(RECORDED INFORMATION):
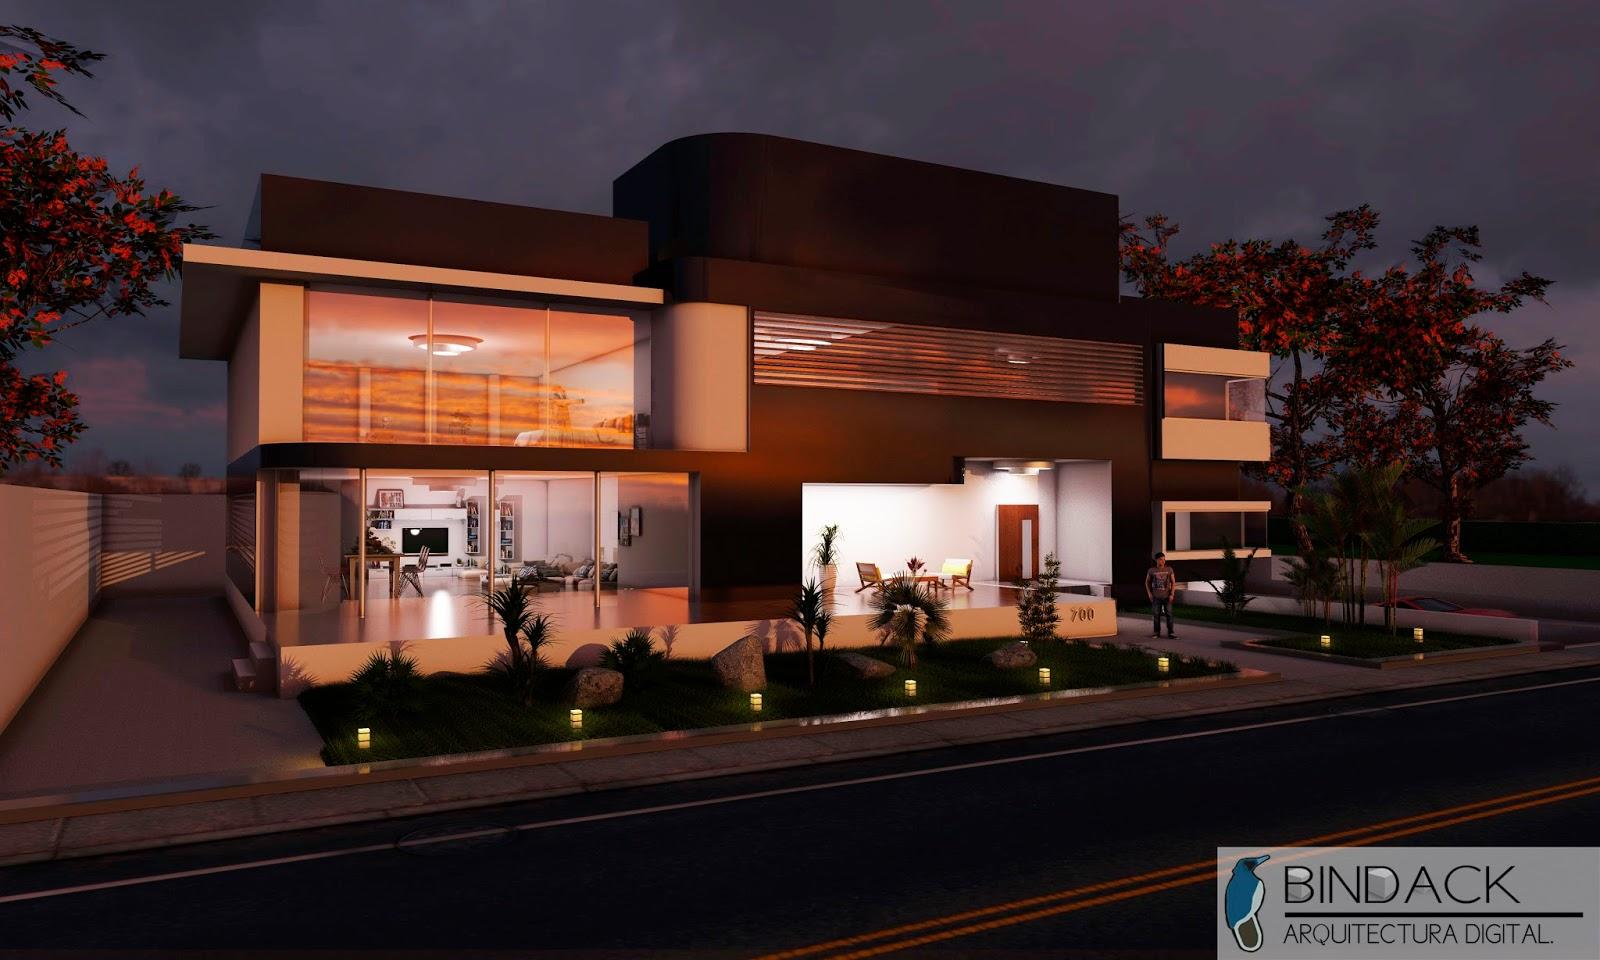 Bindack Arquitectura Digital Portafolio Casa S Bado
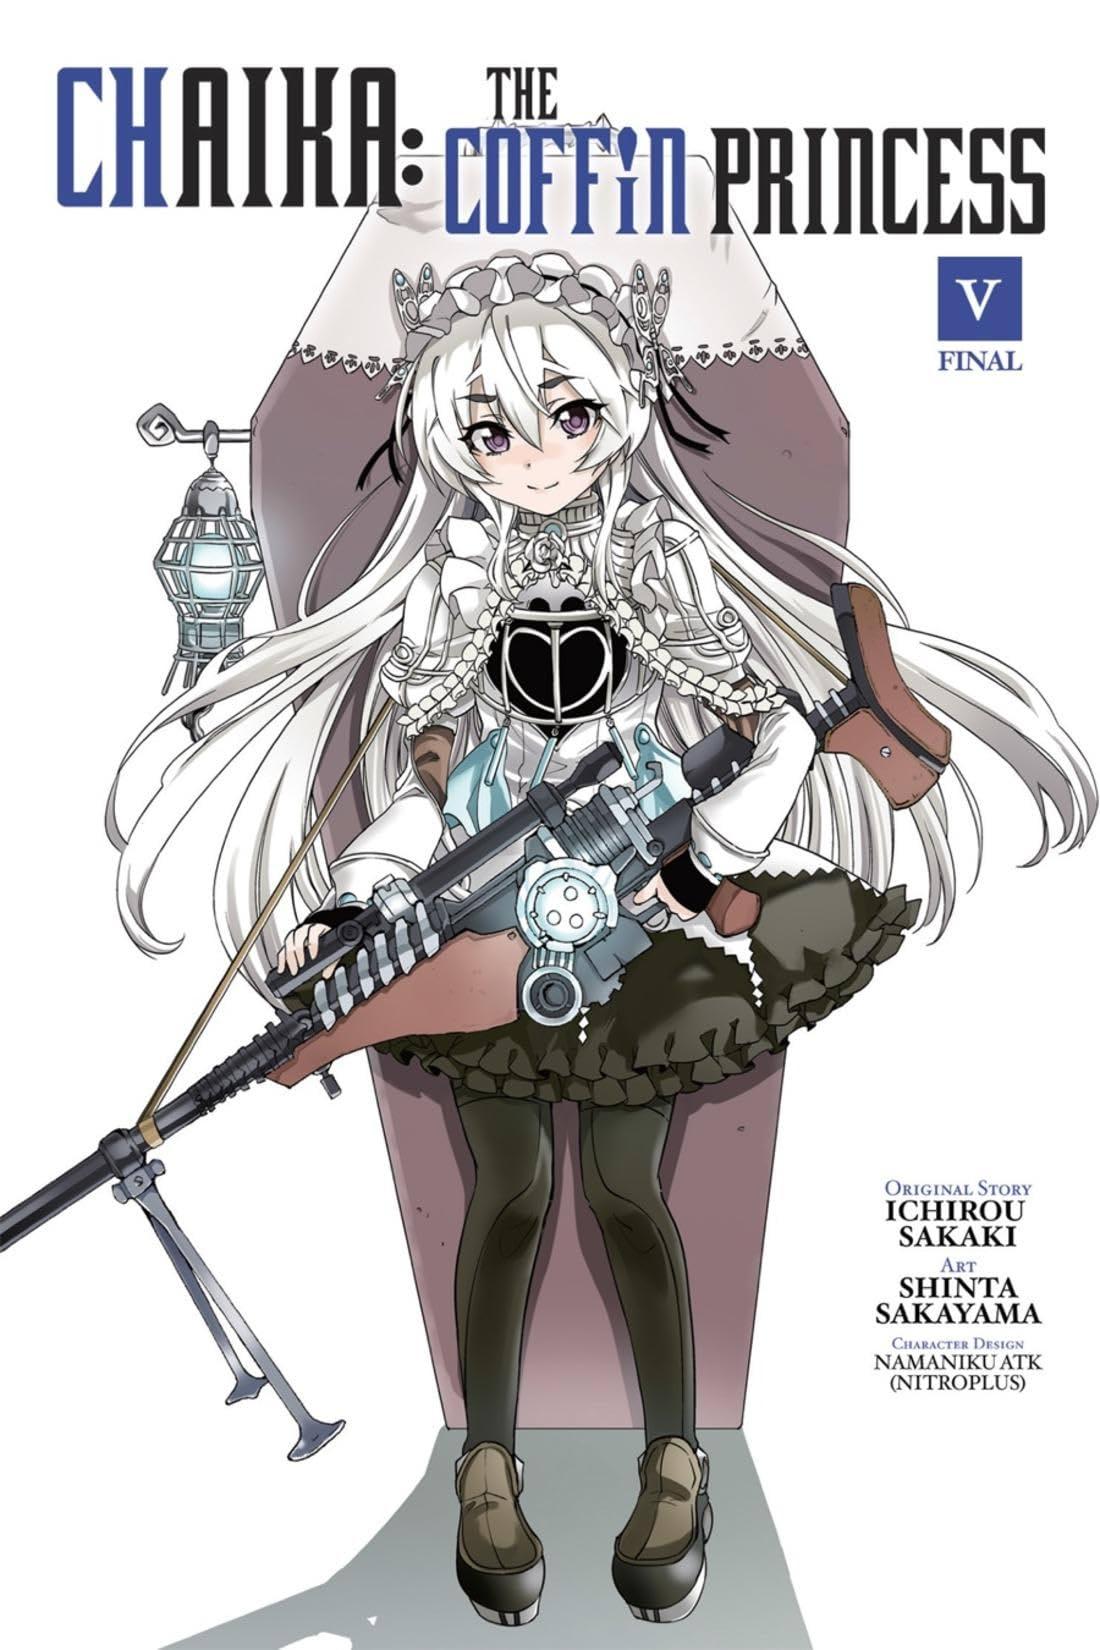 Chaika: The Coffin Princess Vol. 5
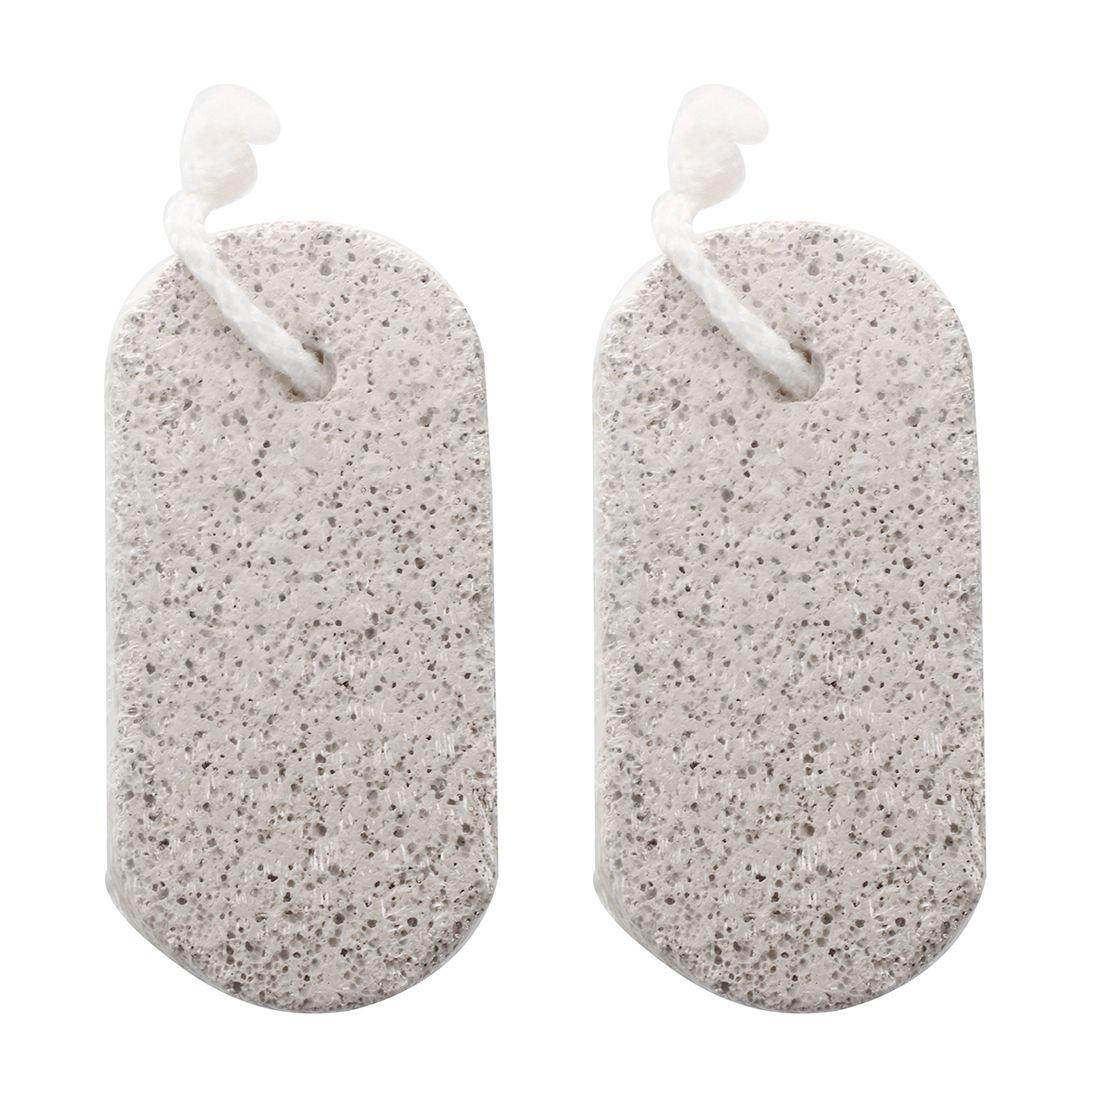 SODIAL(R) 2PCS Feet Skin Care Hard Cuticle Remover Pedicure Foot pumice stone Natural Bath 072937

(WHAT IS NEEDED): The whole listing above, line by line, needs to be copied exactly, except for any images.

(TASK ANSWER):
 Bindack Arquitectura Digital Portafolio Casa S Bado
 Chaika: The Coffin Princess Vol. 5
 SODIAL(R) 2PCS Feet Skin Care Hard Cuticle Remover Pedicure Foot pumice stone Natural Bath 072937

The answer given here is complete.